InvestSMART Performance Update: March 2024
The InvestSMART diversified ETF portfolios returned between 7.1% and 18.6% in the 12 months to 31 March 2024. All our portfolios, whether you choose to invest in our Conservative portfolio through to our High Growth portfolio, would have provided better returns than a bank savings account and term deposits over the same period.
Over five years the portfolios have returned on average between 2.9% and 9.3%, outperforming the majority of their peer funds as you can see from the chart below. Our Growth portfolio, for example, has returned 7.1%p.a. over five years. The average annualised return of other funds categorised as 'growth' was 4.7% over the same period.
The InvestSMART single asset portfolios returned between 3.7% (Cash Securities) and 27.7% (International Equities) in the 12 months to 31 March 2024 and between 1.2% and 13.1% on average over five years.
March wrap up
The first quarter of 2024 was all about growth, particularly in the US tech sector. Global share markets had their best quarter in five years, driven by AI expectations and strong corporate earnings.
Australian shares closed Q1 at record highs, despite analyst fears of a slowing economy. The Aussie tech sector was a bright spot, up an impressive 24.2% for the quarter, however, miners fell 7.9% as iron ore and lithium prices suffered under supply challenges from international competitors.

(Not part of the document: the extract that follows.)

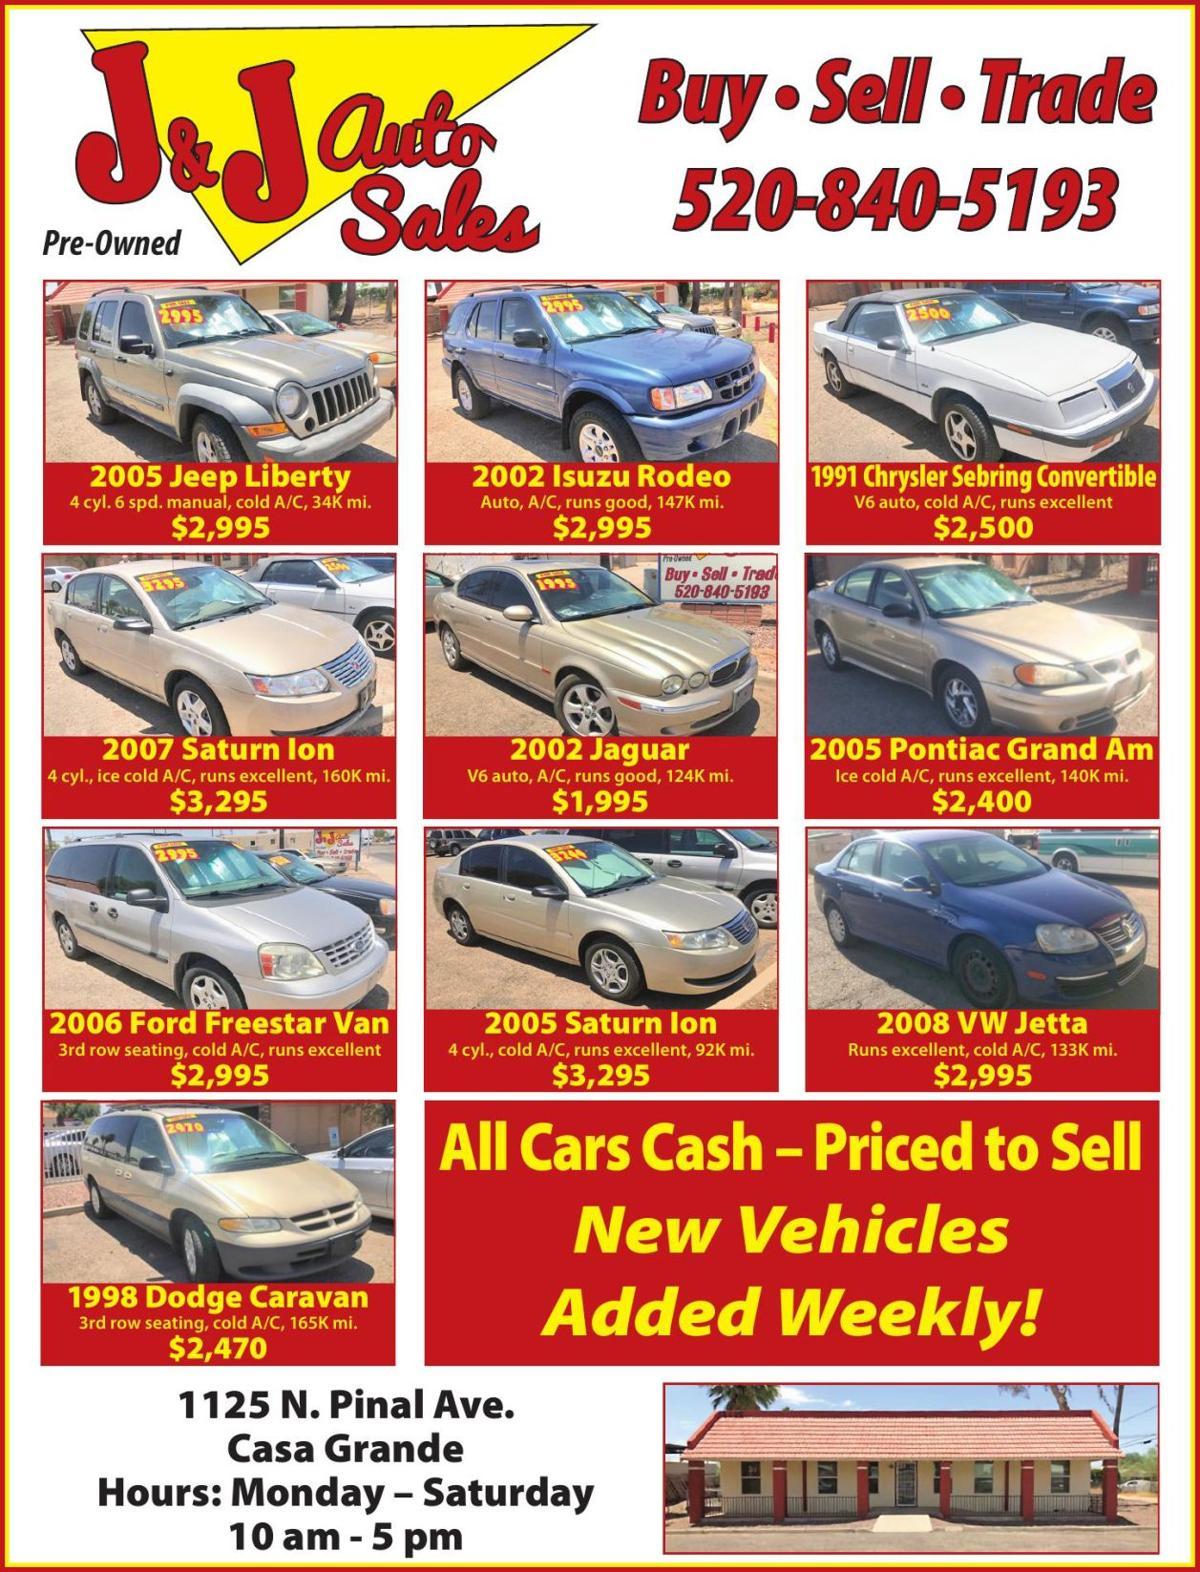 J&Js Auto Sales

Bonds stagnated in the first quarter of the year. Although inflation has eased, it remains stickier than economists would like, which has dragged on both local and global bond performance as predicted interest rate cuts have not materialised.
Sector highs and lows
Looking at sector highs and lows serves as a useful reminder of the value of broad-based 'vanilla' ETFs and why they are our chosen investment vehicle. Predicting which sector will outperform is incredibly difficult, and staying informed about industry-specific issues can be a tall order. For example: not long ago Australian lithium miners were posting huge returns, but as mentioned above, the mining sector is down. By holding a diversified basket of shares in an ETF, InvestSMART clients benefit from strong-performing sectors, while mitigating exposure to those that are struggling.
View full portfolio performance report here.
Frequently Asked Questions about this Article…
InvestSMART's diversified ETF portfolios returned between 7.1% and 18.6% in the 12 months to 31 March 2024, outperforming traditional bank savings accounts and term deposits.
Over the past five years, InvestSMART's Growth portfolio achieved an average annual return of 7.1%, outperforming the average annualised return of 4.7% for other funds in the 'growth' category.
In the 12 months to 31 March 2024, InvestSMART's single asset portfolios returned between 3.7% for Cash Securities and 27.7% for International Equities.
InvestSMART favors broad-based 'vanilla' ETFs because they provide diversification, allowing investors to benefit from strong-performing sectors while reducing exposure to struggling ones, making it easier to navigate unpredictable market conditions.
The Australian tech sector was a standout performer in Q1 2024, rising an impressive 24.2% despite concerns about a slowing economy.
In the first quarter of 2024, the mining sector faced challenges due to falling iron ore and lithium prices, resulting in a 7.9% decline, influenced by supply issues from international competitors.
Global share markets experienced their best quarter in five years during Q1 2024, driven by strong corporate earnings and high expectations for AI advancements.
Despite easing inflation, it remained stickier than expected, which negatively impacted both local and global bond performance as anticipated interest rate cuts did not occur.